California Poets: Part II

Carine Topal

Three Poems



Gleaned


The birds were feeding

and on fire I swayed

on hinges blue


November light poured from me the stones


of my teeth dug from shallow earth


My mother died


her eyes the color of a Brueghel field


I looked out one window the great heart of earth


no longer beat


Moonless and close I ate by the door rose to be blessed


in a room not my own

I was bright fruit

unbroken til then.




Shiva


We misunderstood our luck

growing up in that house —

third from the corner, where the forsythia


bloomed, as though to mock us, and my brothers hurried

down the street with a handful of bees in a jar,

for father who had a thousand demands,


who did not easily love, but was loved, who put the boys

in their place with a razor-tongue — afraid to let go of them,

yet keeping a distance — who lacked the know-how to father,


who struggled—feeling diminished in their world as they aged—

who held in his pocket the several sorrows of the world

when the boys grew older and first one, then the other died.

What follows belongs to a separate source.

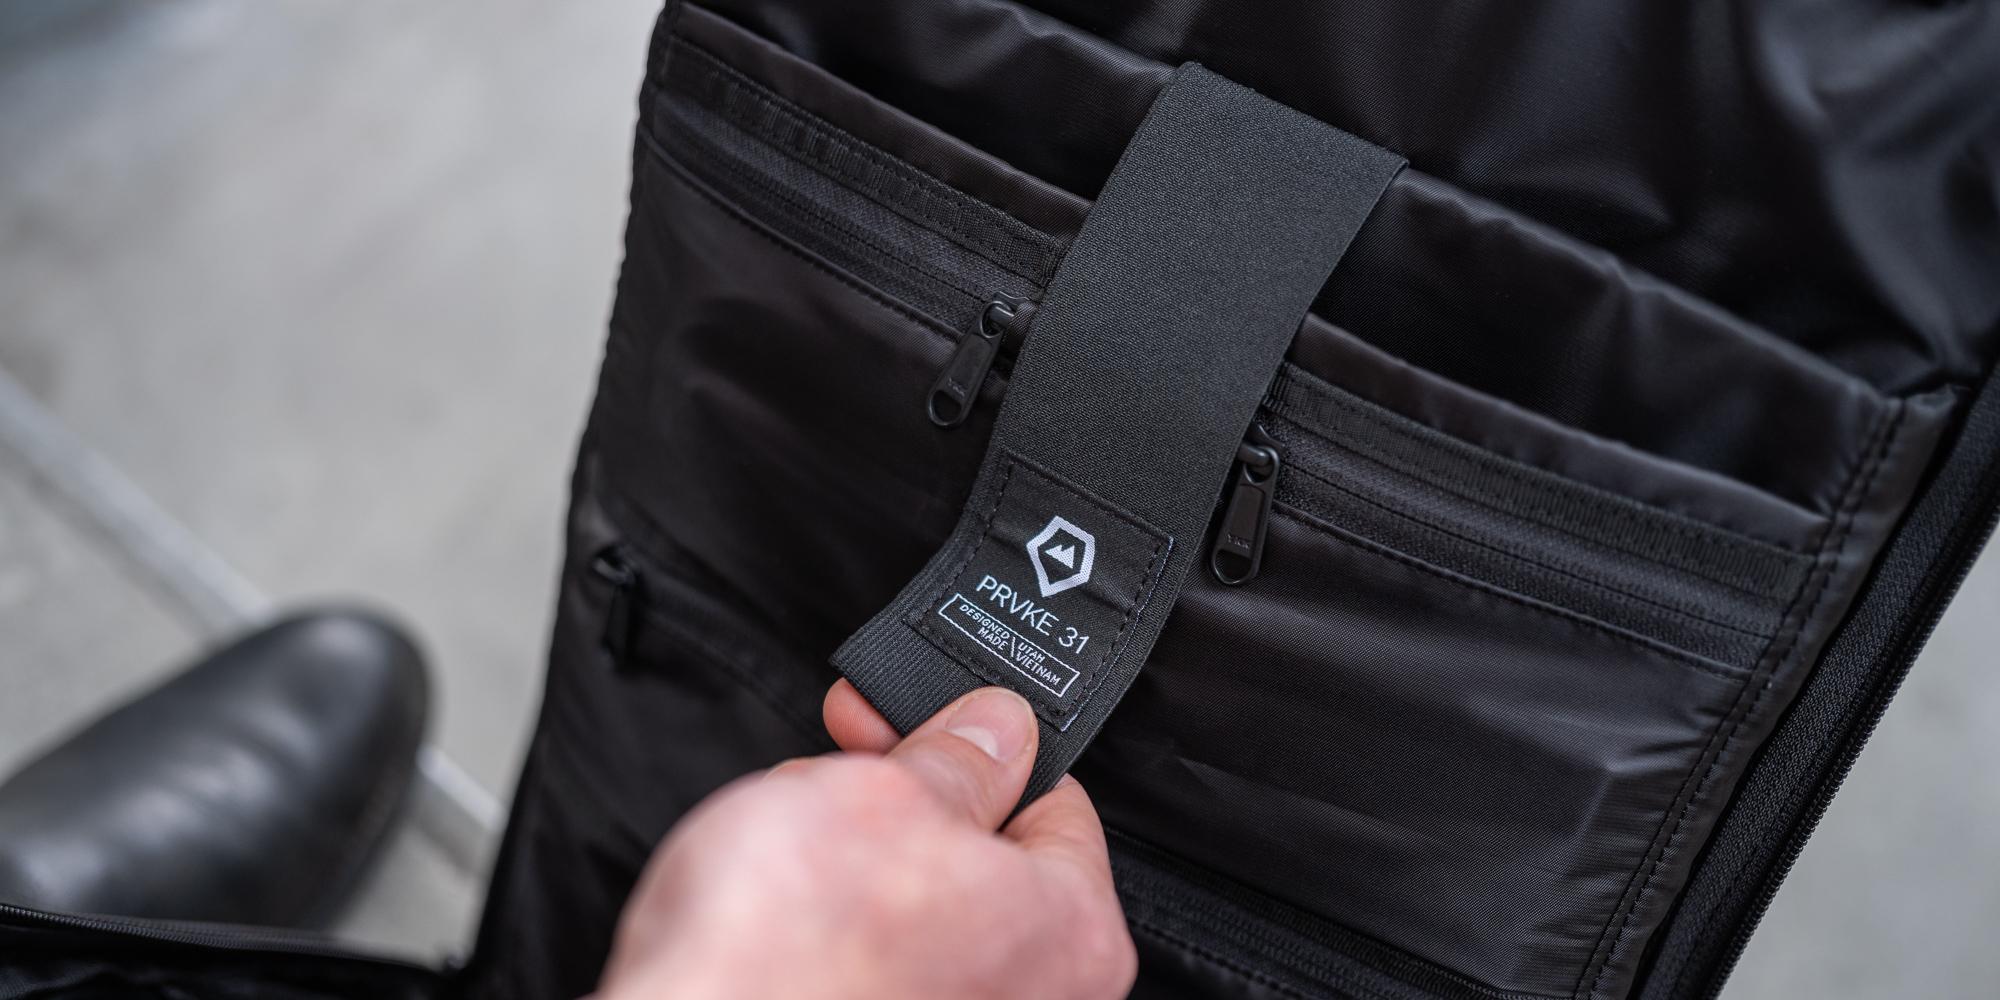 Wandrd All-new Prvke 21 Photo Bundle Essential Backpack - Fully customizable

My father, who refused to hold shiva, though he sat fixed

for a week beneath the shrouded mirror. Friends

came anyway, pressing against us like broken stalks


under an impossible weight, some hugging casseroles,

others with bouquets, surrendering the bare-throated

flowers, a continuous loop of murmured comforts


feeding the machine of our grief. So many things

disappear in the world: lilacs. Even the bending light

leaves, though the windows linger.


Unaccounted for, the long-numbered streets.

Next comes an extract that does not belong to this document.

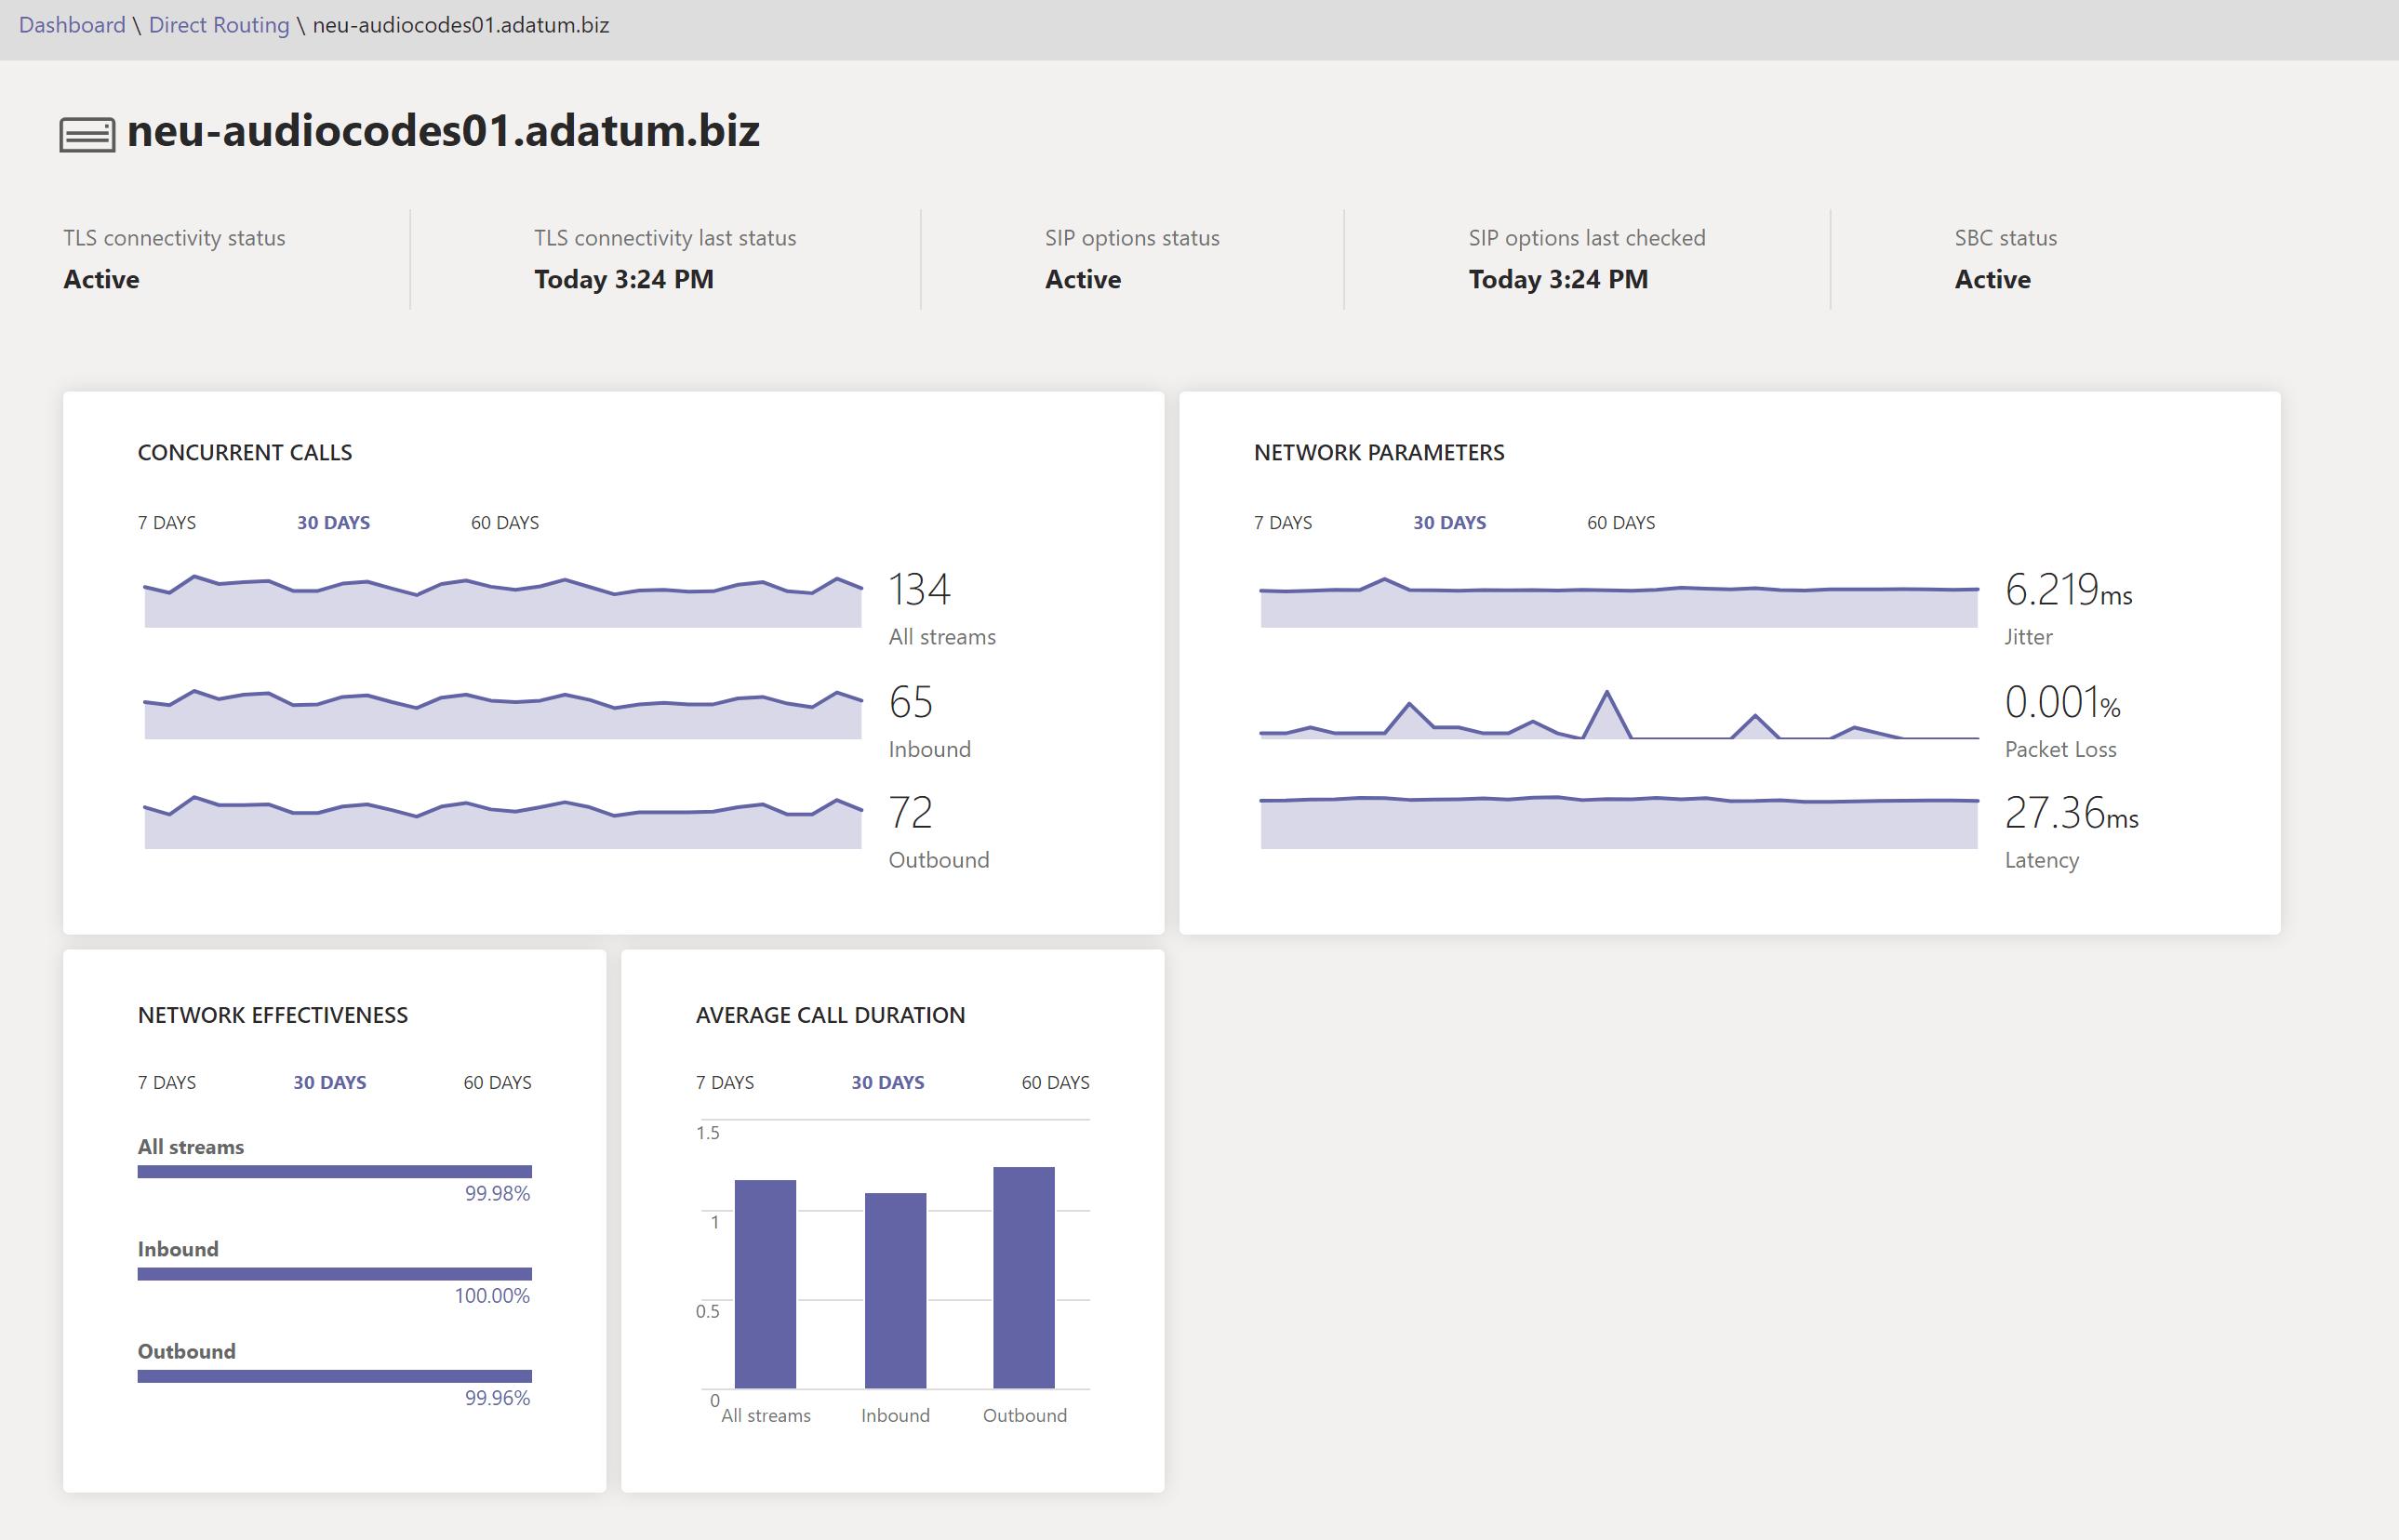 Health dashboard SBC details

A river that once flanked our city.

And father, overwhelmed and immovable,


withdrew, watched as those who could leave, left

the wreckage of our home. But the world

demanded, go on.




I Never Wanted It So

after Carol Ann Davis


It was summer.


It was summer and the aloe wanted none of the rain.

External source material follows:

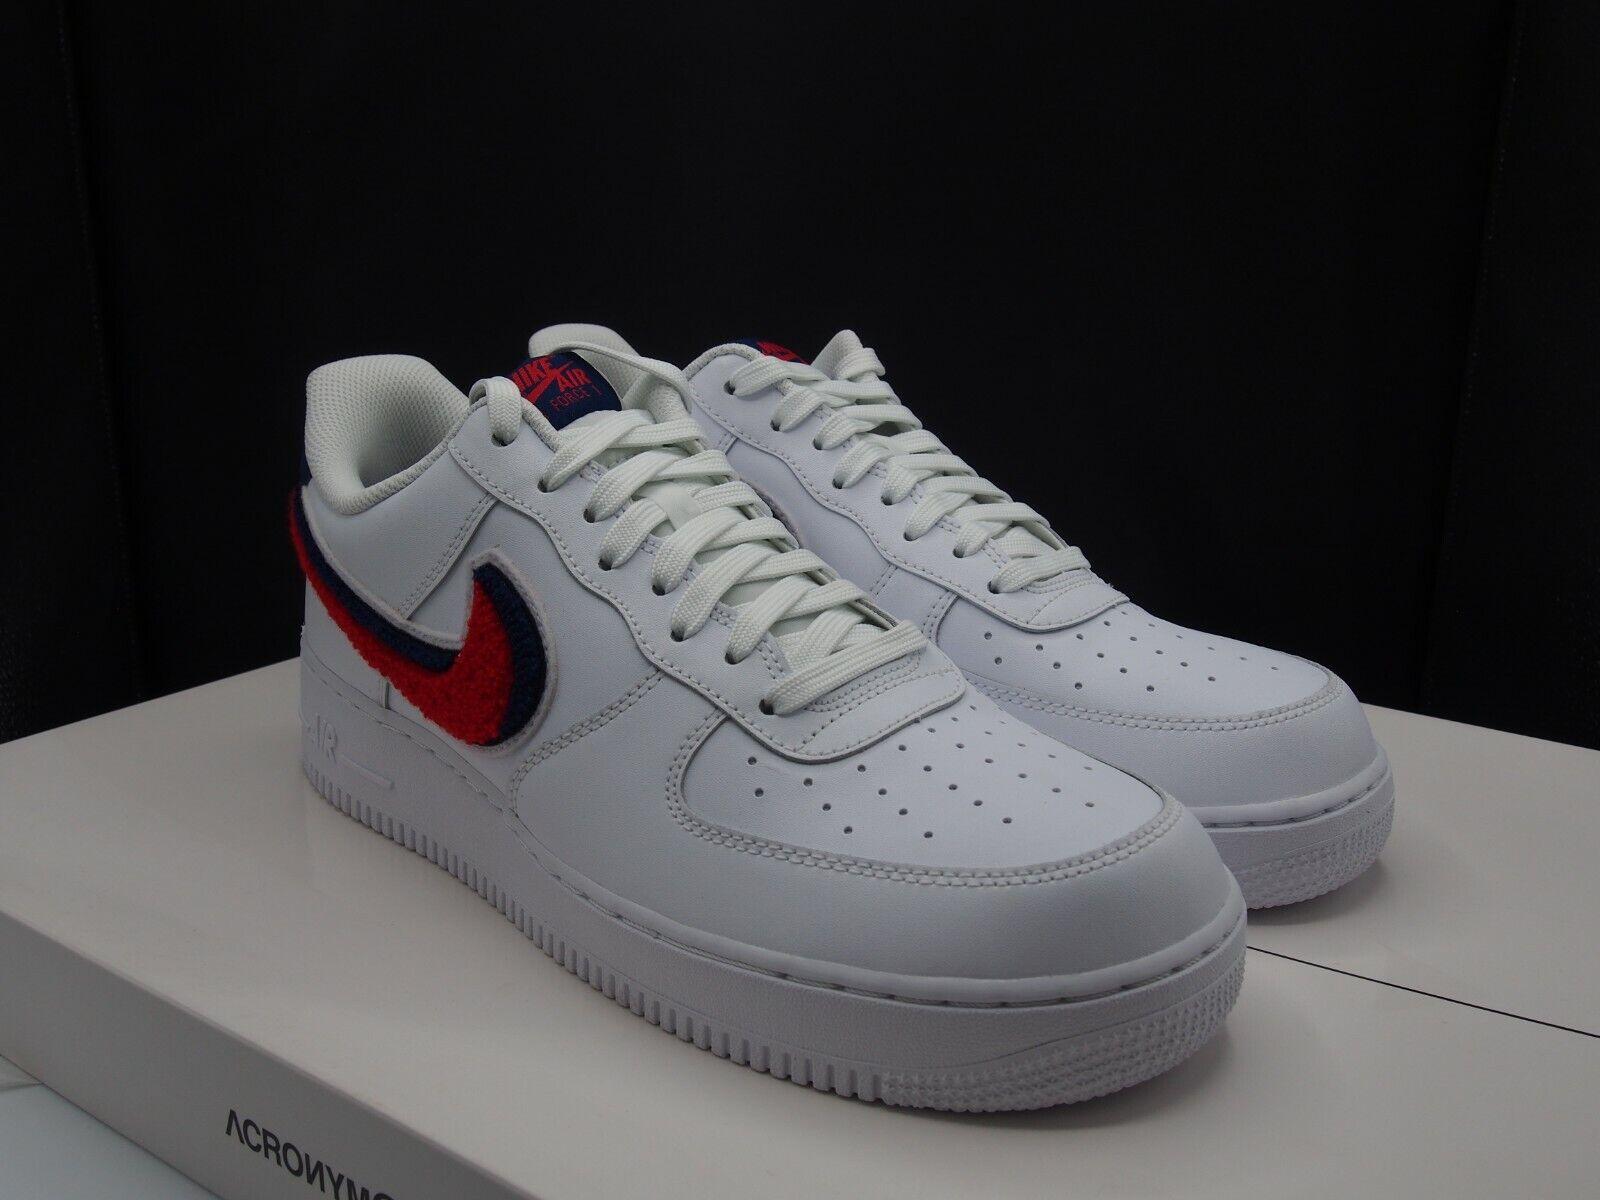 Nike Air Force 1 '07 Lv8 Chenille

It was summer so the fields gave the finger to the sun.


It was summer, air, thickened by heat, gave in.


I heard a breath from my lungs corrupting


the air, maddening June nights


only to displease myself. Because I never thought


that was a way to settle me. Summer was a bitter sham


in my bitter mouth. Summer was everyone standing


in the standing room. Though I hunted,


no one came my way. My impulse cowered.


And in the corner, summer’s darkness, by chance,


gave me away.



Author Bio:

Carine Topal, a transplanted New Yorker, holds an MA from New York University. She was twice nominated for a Pushcart Prize, awarded residencies in the U.S. and abroad, is the recipient of numerous poetry awards and honors, including the 2007 Robert G. Cohn Prose Poetry Award and the Briar Cliff Poetry Award. Her chapbook, “Tattooed,” won the Palettes and Quills Poetry Chapbook Contest. Topal’s 5th collection, “In Order of Disappearance,” was published by the Pacific Coast Poetry Series in 2018. She lives in the desert and by the sea and leads poetry and memoir workshops.